» **How to complete this task**: Please reproduce all entries word for word, leaving every image behind.

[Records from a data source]
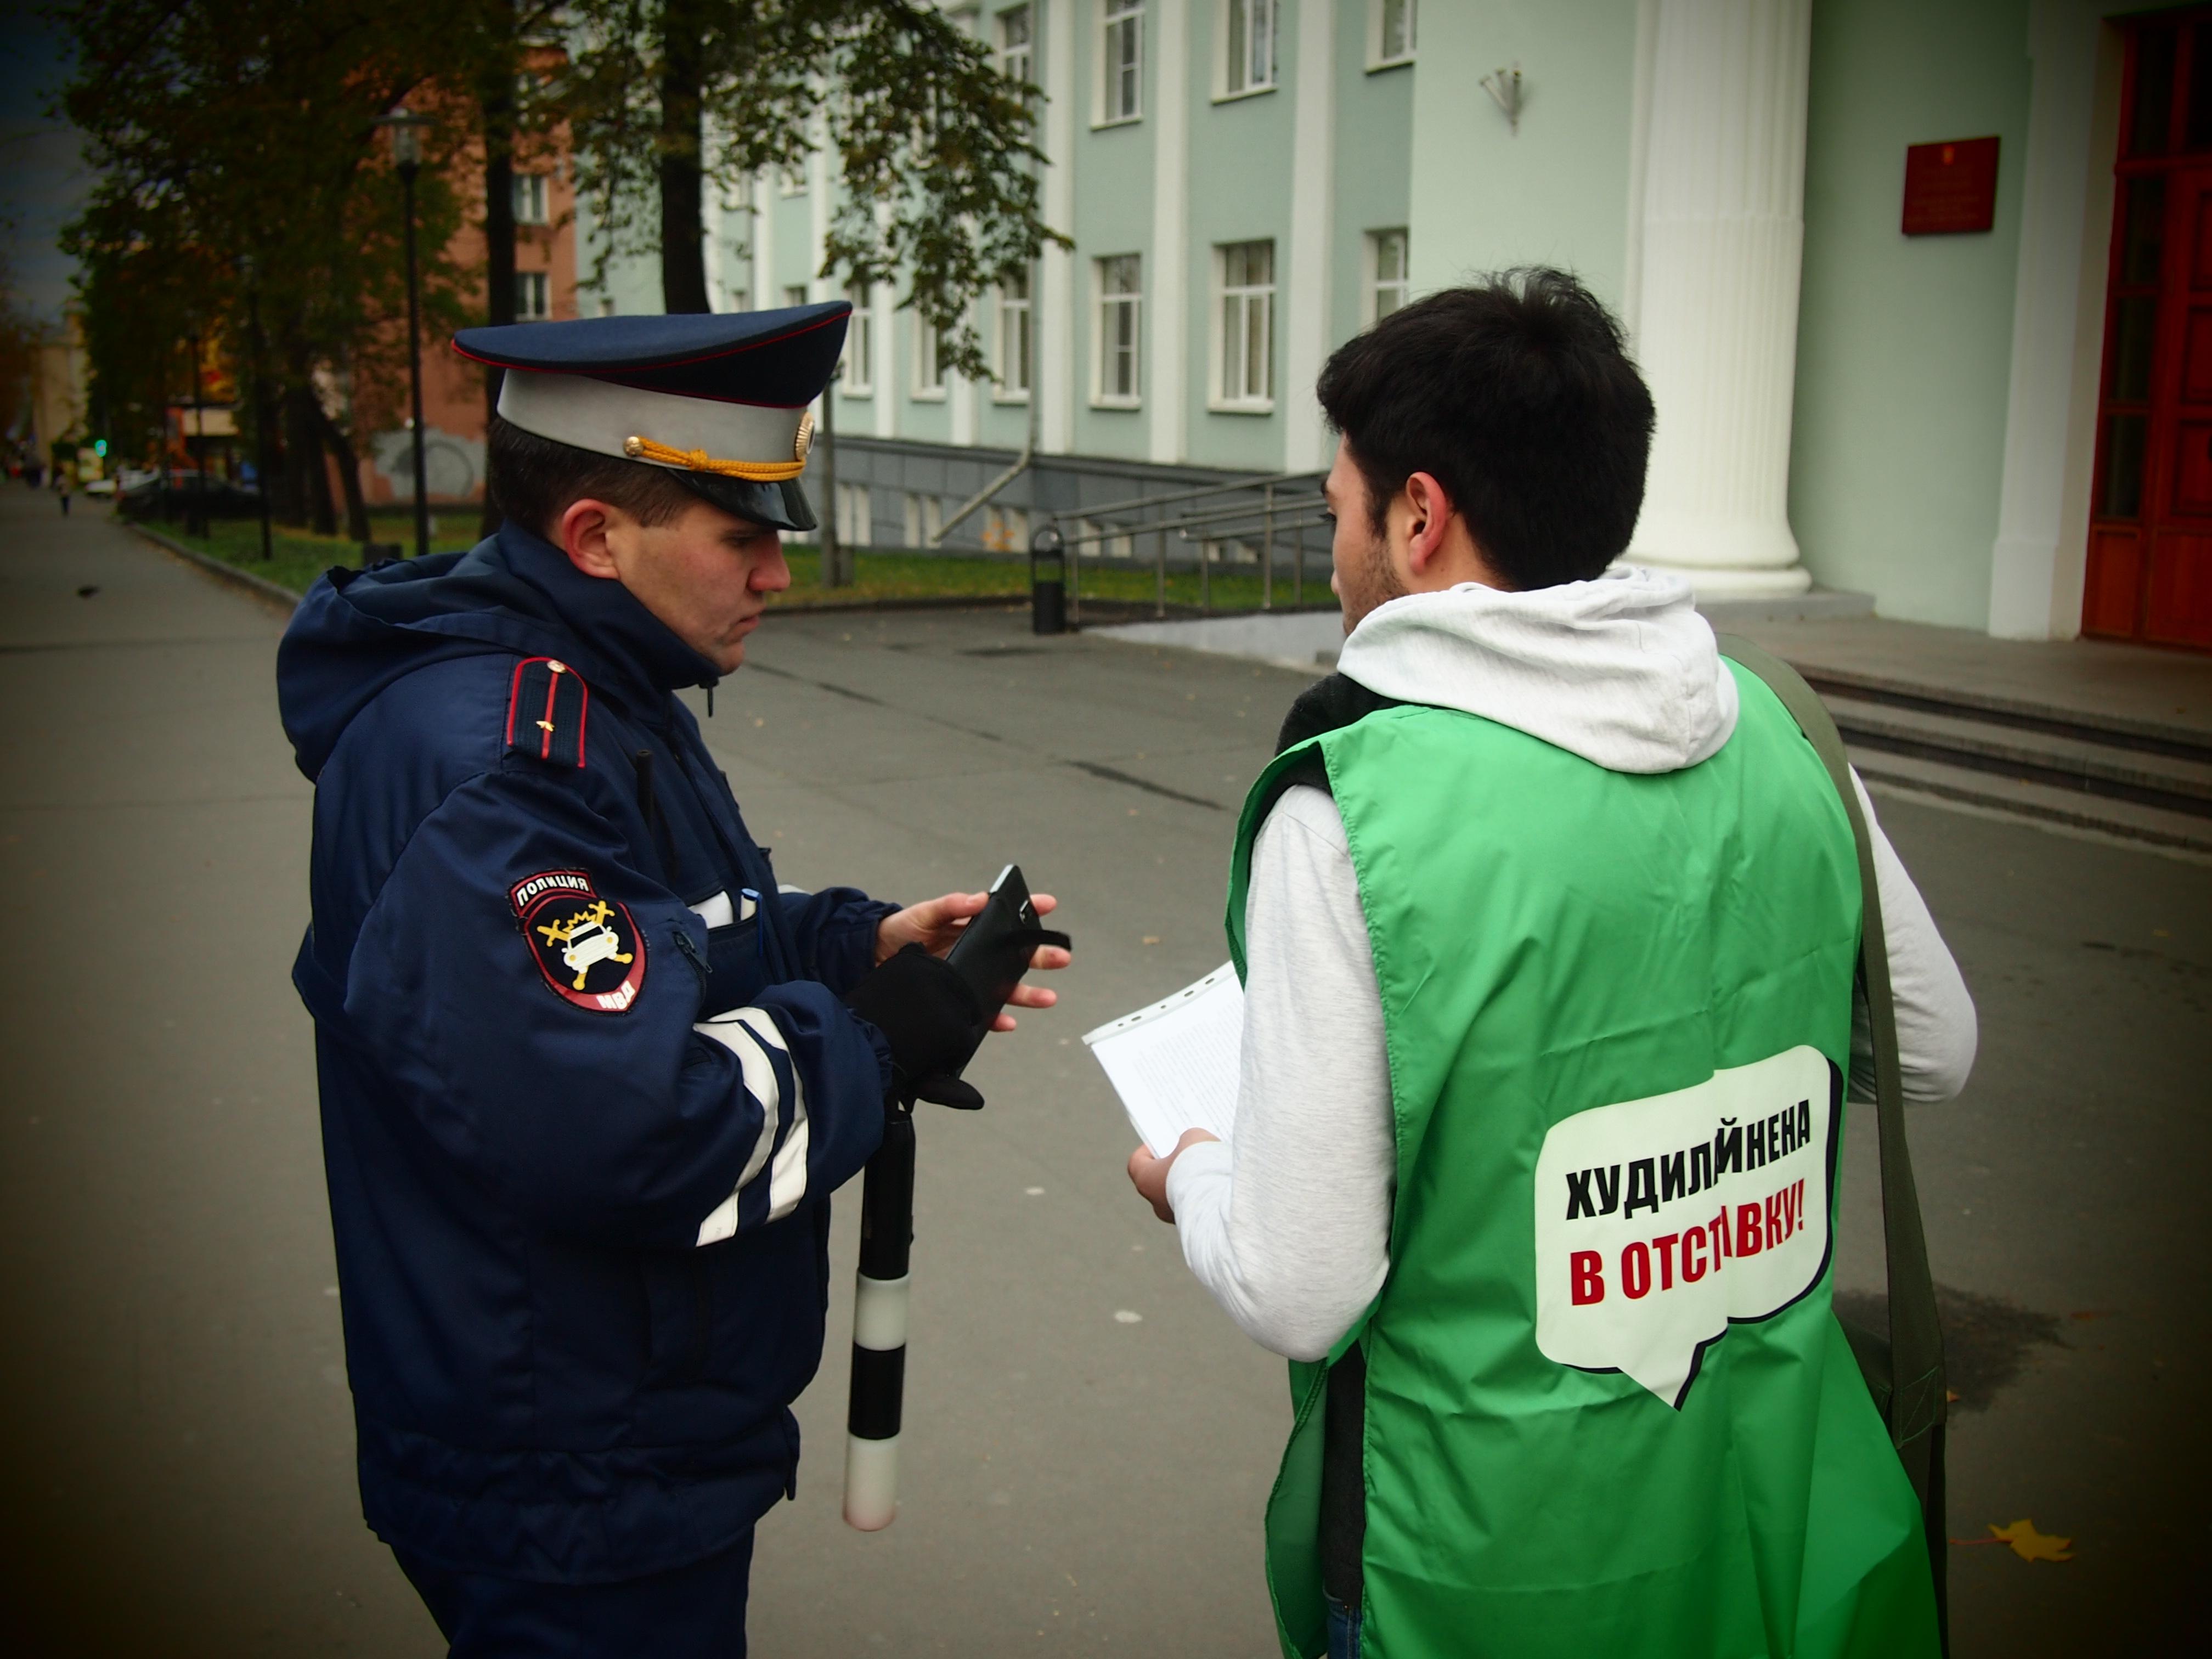 Сотрудник полиции выясняет личность сборщика подписей. Фото: Валерий Поташов
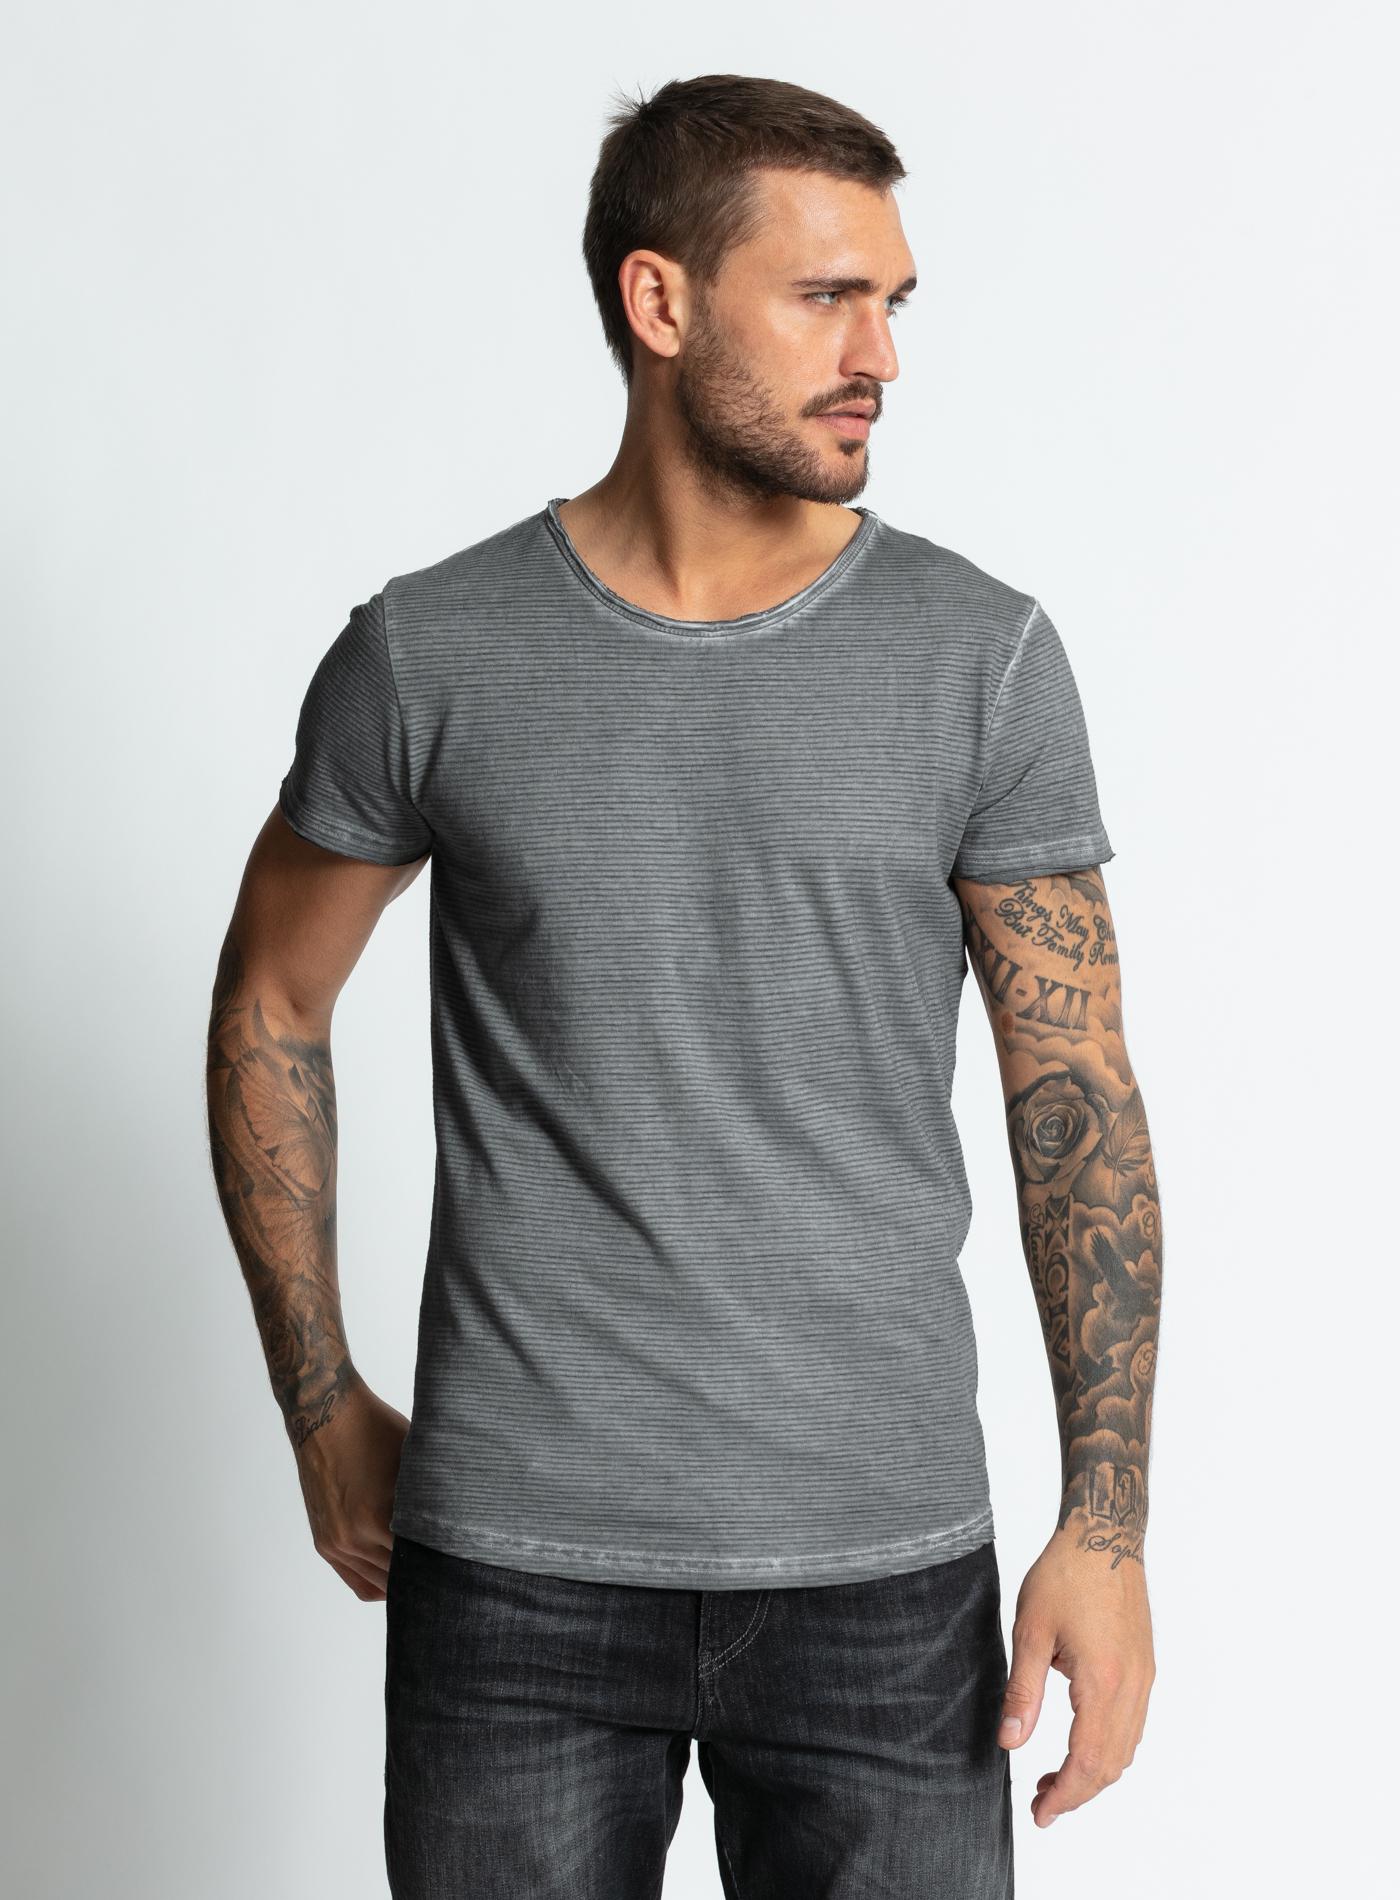 Hochwertiges Marken Herren T-Shirt kaufen | Wormland
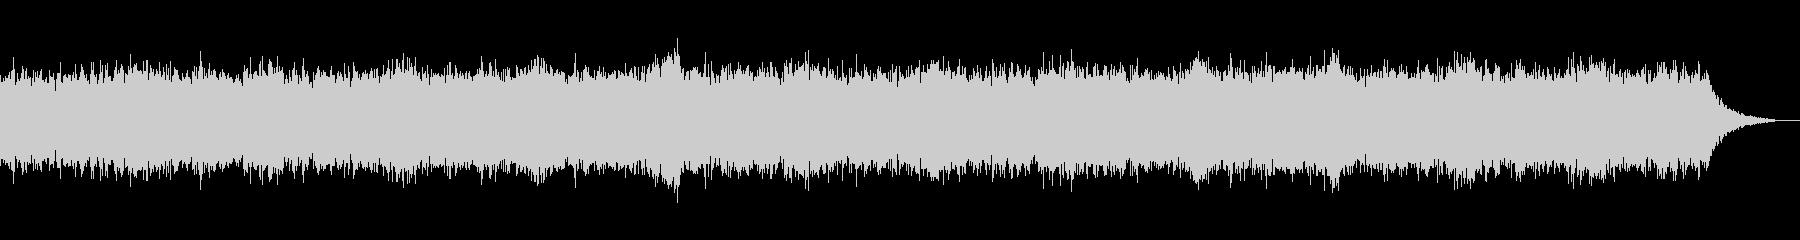 ヒーリング ディープ1の未再生の波形
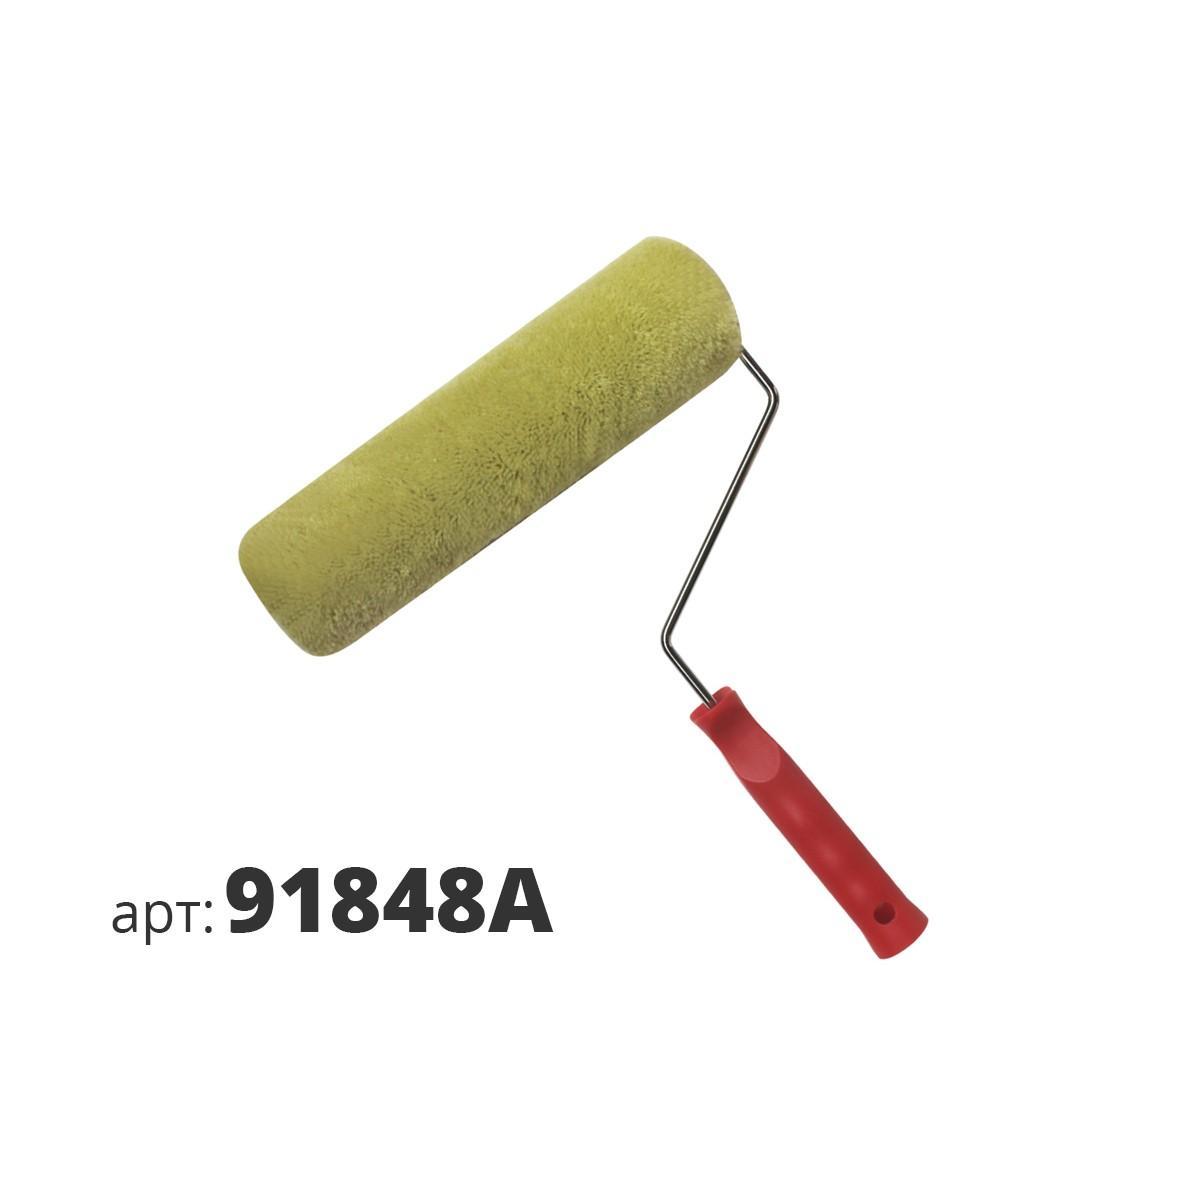 Валик зеленый вязаный полиакрил 91848A
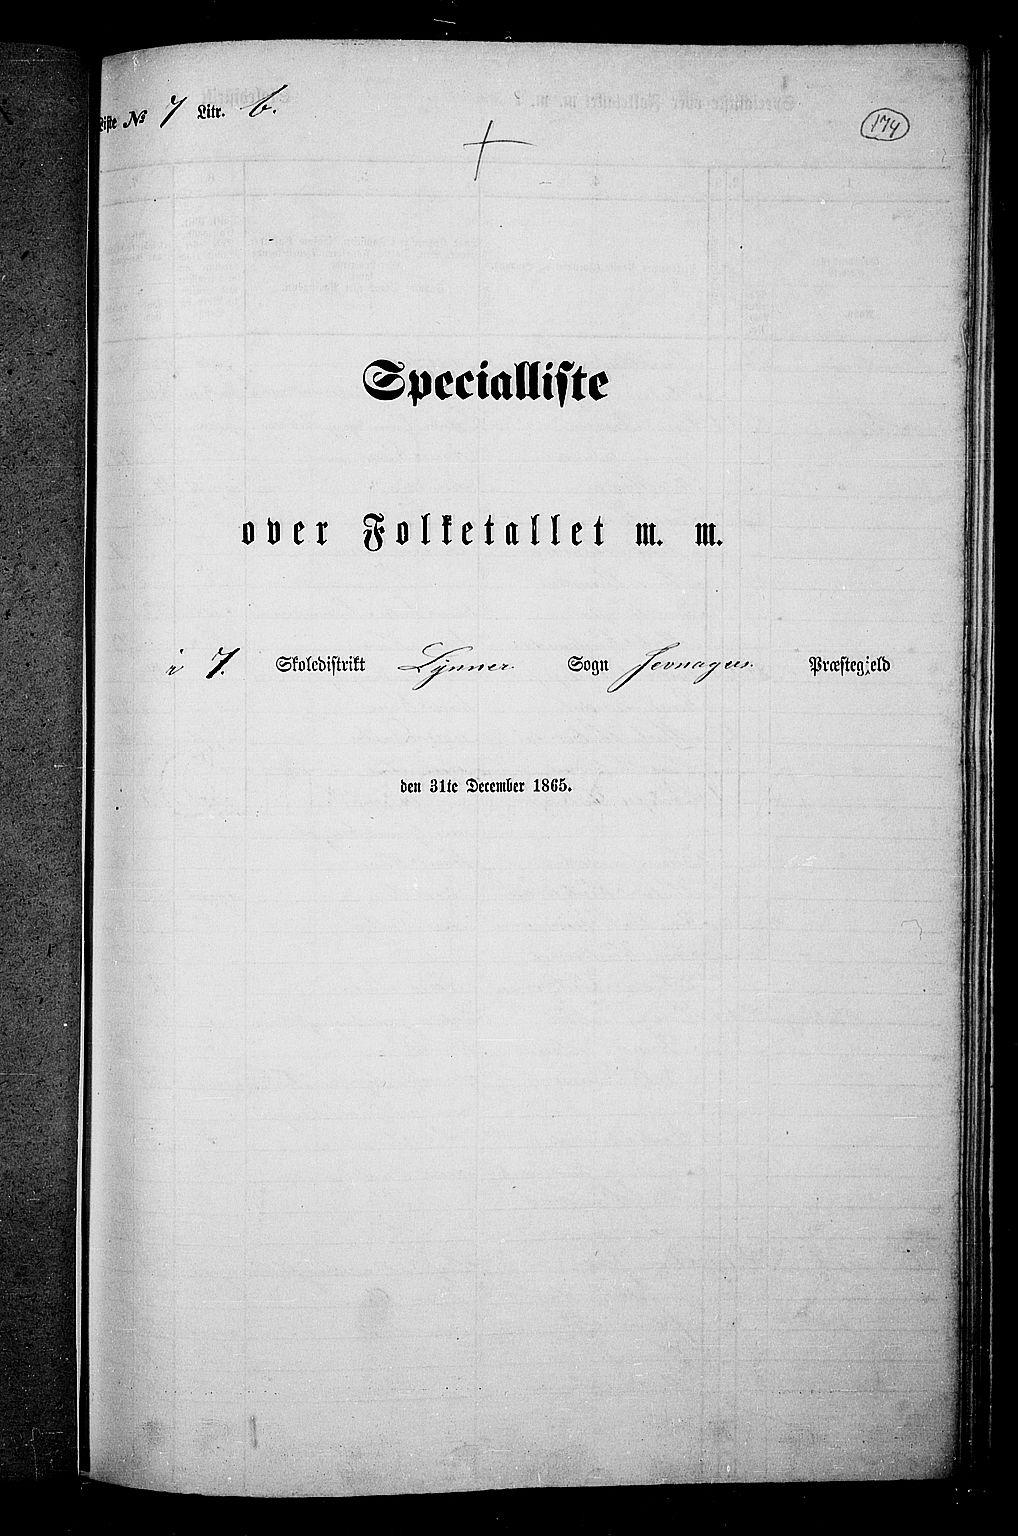 RA, Folketelling 1865 for 0532P Jevnaker prestegjeld, 1865, s. 160

» **Reply to the exercise**:
 Сотрудник полиции выясняет личность сборщика подписей. Фото: Валерий Поташов
 Hochwertiges Marken Herren T-Shirt kaufen | Wormland
 ヒーリング ディープ1の未再生の波形
 Валик зеленый вязаный полиакрил 91848A
 RA, Folketelling 1865 for 0532P Jevnaker prestegjeld, 1865, s. 160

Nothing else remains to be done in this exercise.